– Bueno, quien aburre al perro hasta hacerle dormir sirve a la causa tanto como los que agitan y remueven -dijo Andrew, dándole un cuenco y una cuchara-. Pruébelo.
Catherine hundió la cuchara en el cremoso preparado y se la llevó a los labios. Se le abrieron los ojos como platos de puro placer al sentir el suave y dulce escalofrío con sabor a fresa deslizarse por su garganta.
– Oh, Dios.
Andrew se rió. Tras servirle a Spencer una generosa porción, y hacer lo propio consigo mismo, se sentaron los tres en la manta y disfrutaron del festín.

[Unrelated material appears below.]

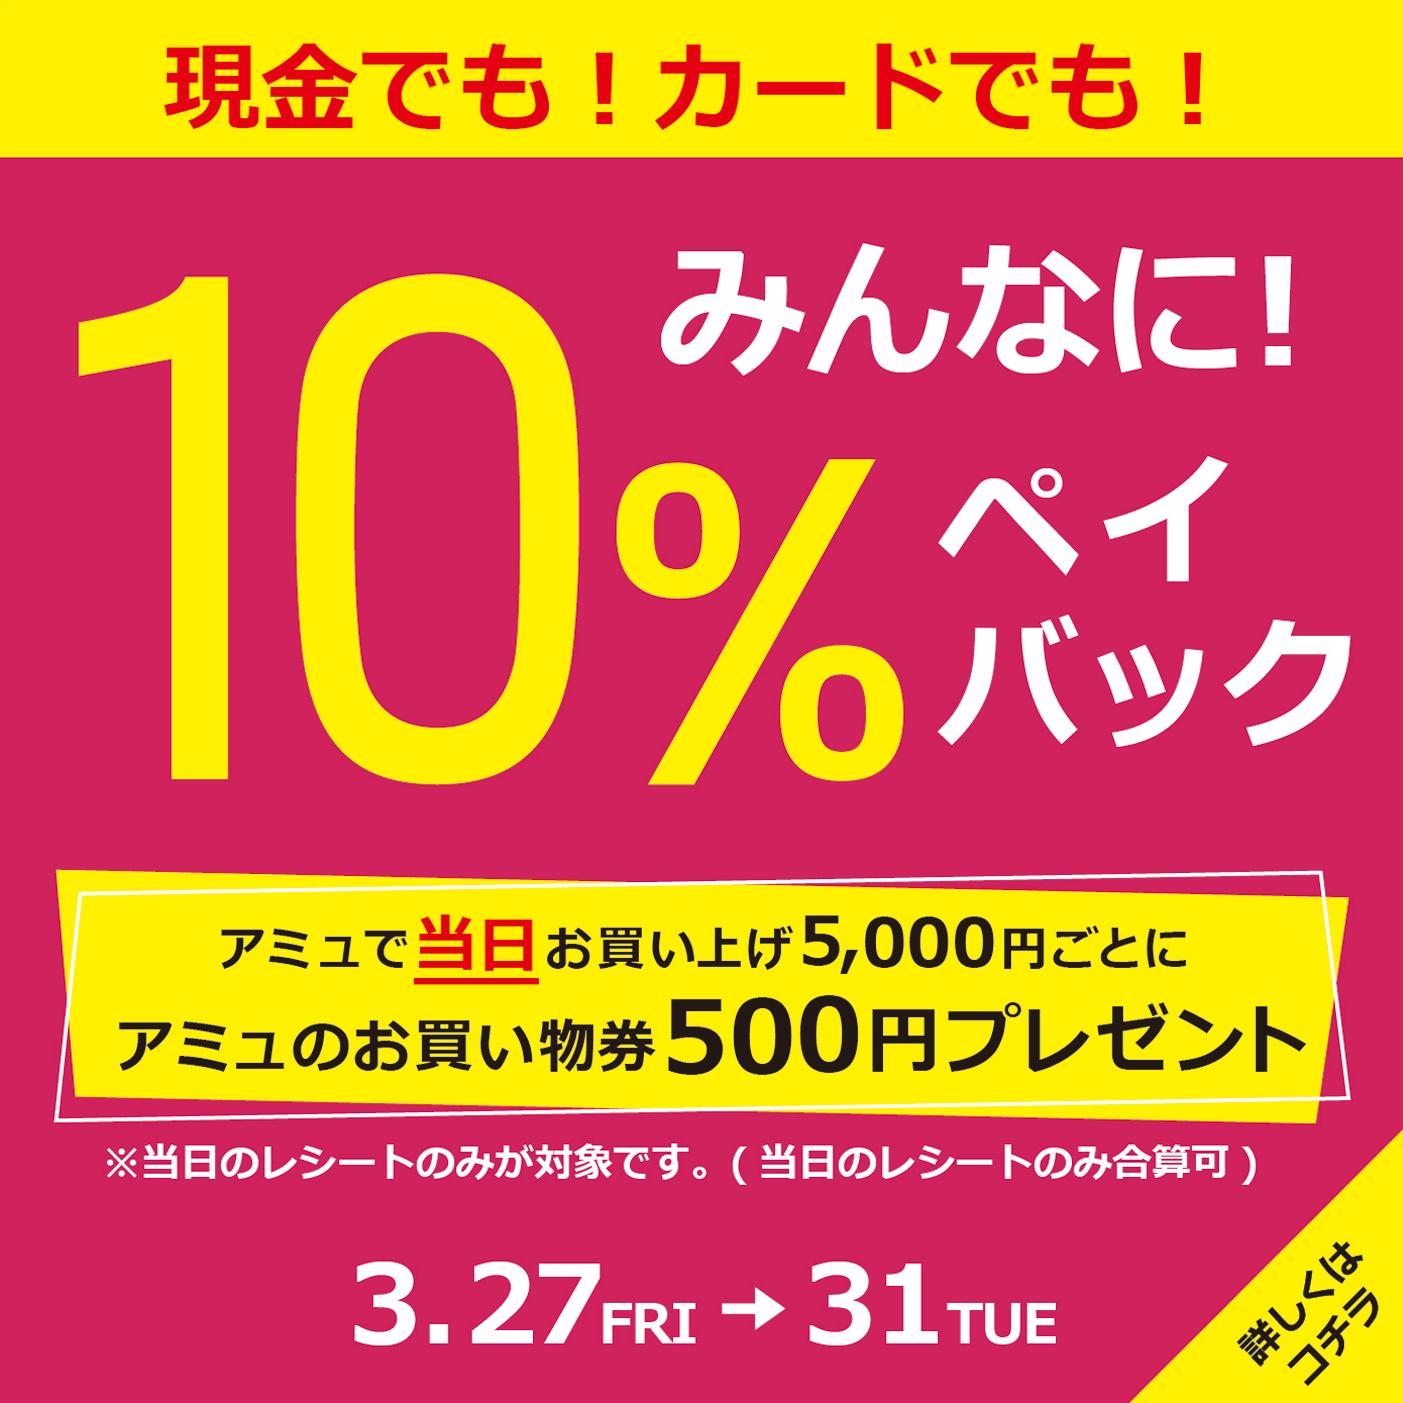 【アミュ長崎店限定】みんなに10%ペイバック開催

– Tiene razón, señor Stanton -dijo Spencer-. Es el manjar más delicioso que he probado en mi vida.
– Apuesto a que te cura todos los males.
– Todos -concedió Spencer.
– ¿Dónde ha aprendido a hacer esto? -preguntó Catherine, saboreando otra deliciosa cucharada.
– En Norteamérica. La familia dueña de los establos donde yo trabajaba solía servirlo a sus invitados. -Un fantasma de cierta emoción que Catherine no alcanzó a leer destelló en los ojos de Andrew-. Siempre que lo hacían, su hija me guardaba una ración. Un día le pregunté a la cocinera cómo se preparaba.

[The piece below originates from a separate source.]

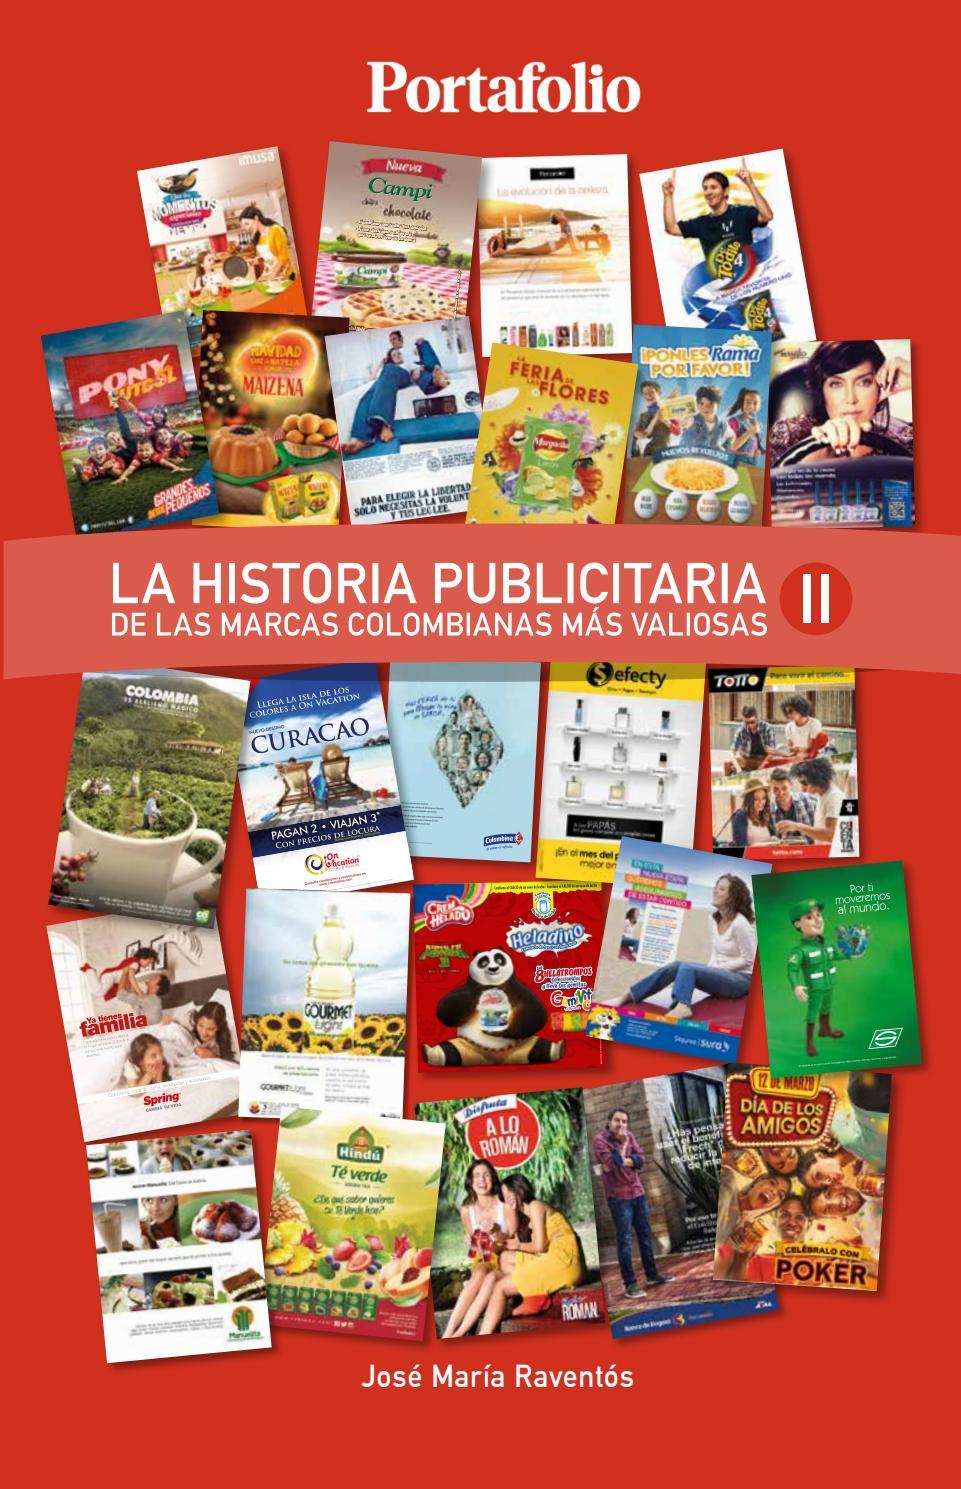 La Historia Publicitaria de las marcas colombianas más

Una oleada sospechosamente semejante a los celos recorrió a Catherine al pensar en Andrew sentado en una manta con la hija de su jefe, disfrutando de una delicia helada que ella le había llevado.

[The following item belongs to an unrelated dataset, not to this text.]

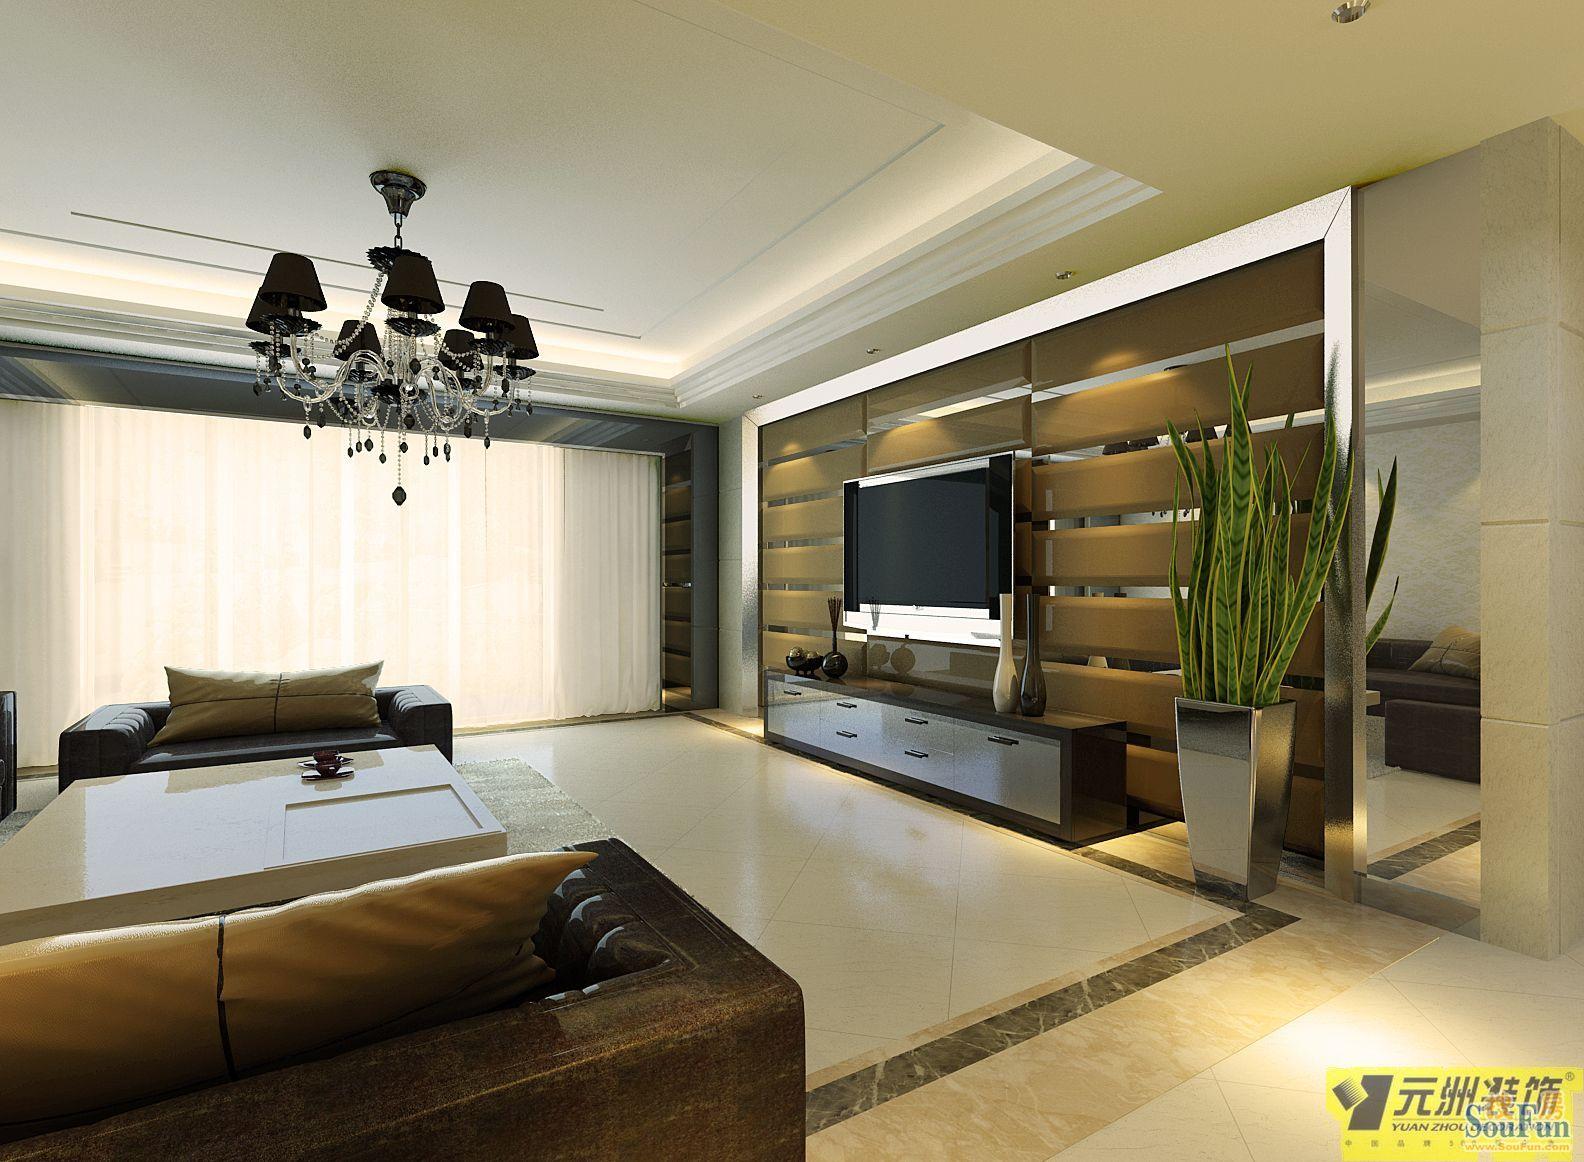 130平3室1厅 现代简约风格装修案例 预算20万元 高清图片

– La joven que le llevaba el helado… ¿Cómo se llamaba? -preguntó Spencer, dando voz a la pregunta que Catherine no había tenido el valor de formular.
– Emily -dijo Andrew con voz queda y bajando los ojos al cuenco.
– ¿Era agradable?
– Mucho. -Andrew levantó la mirada y dedicó a Spencer una pequeña sonrisa que a Catherine le resultó más triste que feliz-. De hecho, me recuerdas mucho a ella, Spencer.
– ¿Que le recuerdo a una chica?
Andrew se rió entre dientes al ver su expresión horrorizada.
– No por el hecho de que fuera una chica, sino porque… se esforzaba por encontrar su lugar. No se sentía muy cómoda con la gente. De hecho, exceptuándome a mí, tenía muy pocos amigos.
El ceño de Spencer se frunció mientras ponderaba las palabras de Andrew. Luego preguntó:
– ¿Sigue siendo amigo de ella? ¿Se escriben todavía?
El dolor que veló los ojos de Andrew no dejó lugar a dudas.
– No. Murió.
– Oh. Lo siento.
– También yo.
– ¿Cuándo murió?
Andrew tragó saliva y dijo:
– Hará unos once años. Justo antes de que me fuera de Norteamérica. Apuesto a que estaría encantada de vernos disfrutar de este banquete. Y deseaba especialmente prepararlo de fresa porque sé que es el favorito de ambos. ¿Un poco más de helado?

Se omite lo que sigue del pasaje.